Antes de mais, os verdadeiros crentes são os que amam a Deus e a Jesus Cristo, o Filho que nasceu de Deus. Jesus de Nazaré é, ao contrário do que diziam os hereges, Filho de Deus desde a encarnação e durante toda a sua existência terrena. A sua paixão e morte fazem parte do plano salvador de Deus: Jesus veio apresentar aos homens um plano de salvação, “não só pela água, mas com a água e o sangue”. Todavia, amar a Deus não pode configurar uma atitude platónica ou apolínea, mas implica a observância ou a guarda dos mandamentos.

Observar os mandamentos não significa escrevê-los num papel e olhar para eles; e guardá-los não é, como alertava o Padre Marcelino Caldeira na festa da Senhora da Boa Nova, do Alandroal, escrevê-los num papel e conservá-los numa gaveta. Implica, antes, a sua prática. Aliás, o referido sacerdote manifestou o seu repúdio pelas distinção entre cristãos ou católicos praticantes e não praticantes. Ou se é ou não se é. E dava o exemplo: uma cozinheira de restaurante, se deixar de ser praticante, será despedida. Não será despedida, por exemplo, se estiver doente ou envelhecer, porque tais circunstâncias não lhe retiram o estatuto. 

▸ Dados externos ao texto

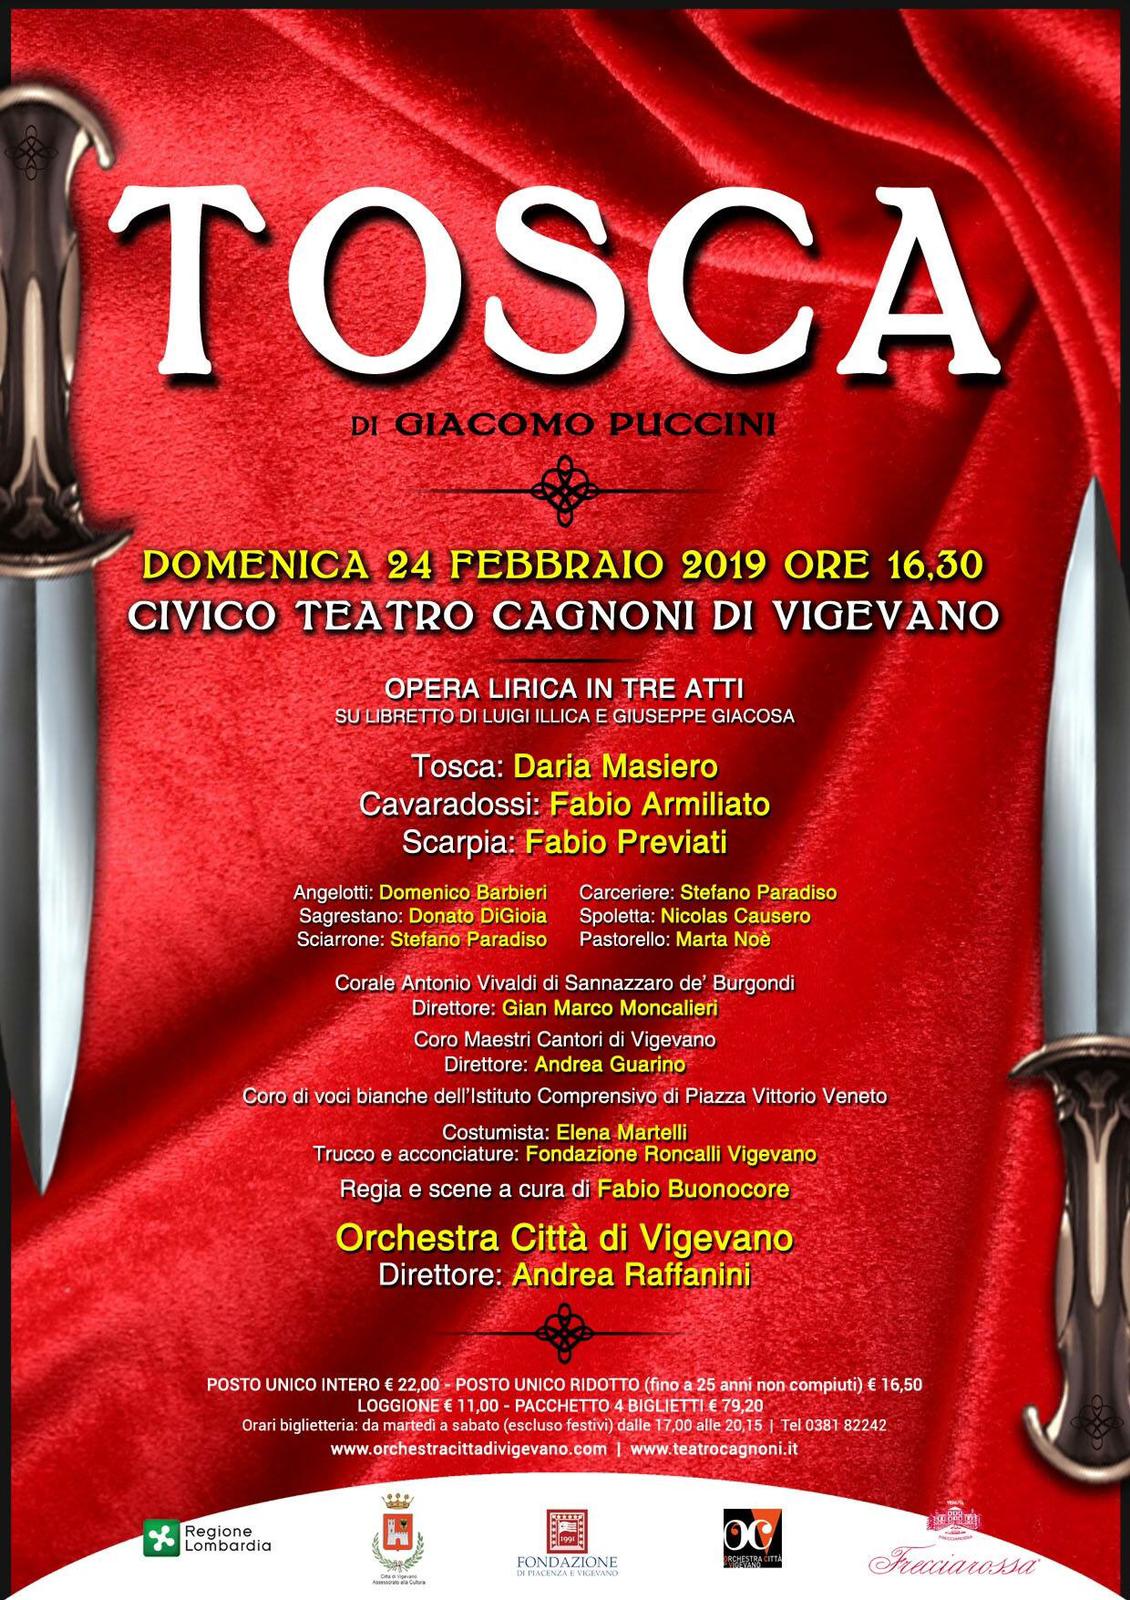 Tosca Teatro Cagnoni Vigevano 24 Febbraio 2019

Cumprir os mandamentos é a obrigação de quem ama. Quem ama alguém, procura realizar as obras que agradem àquele a quem ama. Assim, não se pode dizer que se ama a Deus se não se cumprem os mandamentos. E o grande mandamento de Deus é o amor aos irmãos. Quem não ama os irmãos, não pode pretender amar a Deus e fazer parte da família de Deus.

Mais: quando amamos a Deus, acreditamos que Jesus é o Filho de Deus, vivemos de acordo com os mandamentos de Deus, vencemos o mundo e temos a vida de homens e mulheres novos.

Esta vida nova que Jesus veio oferecer chega-nos pela “água” (o Batismo implica adesão a Cristo e à sua proposta) e pelo “sangue” (vida de Jesus fez-se dom na cruz por amor). E o Espírito Santo testemunha, atesta e valida a verdade da proposta trazida por Jesus Cristo, por mandato do Pai.

Quando respondemos positivamente ao desafio que Deus nos faz, oferecemos a vida como dom de amor aos irmãos, a exemplo de Cristo, cumprimos os mandamentos de Deus, vencemos o mundo e tornamo-nos filhos de Deus e membros da família de Deus. Enfim, tornamo-nos testemunhas da Ressurreição do Senhor Jesus e somos corressuscitados.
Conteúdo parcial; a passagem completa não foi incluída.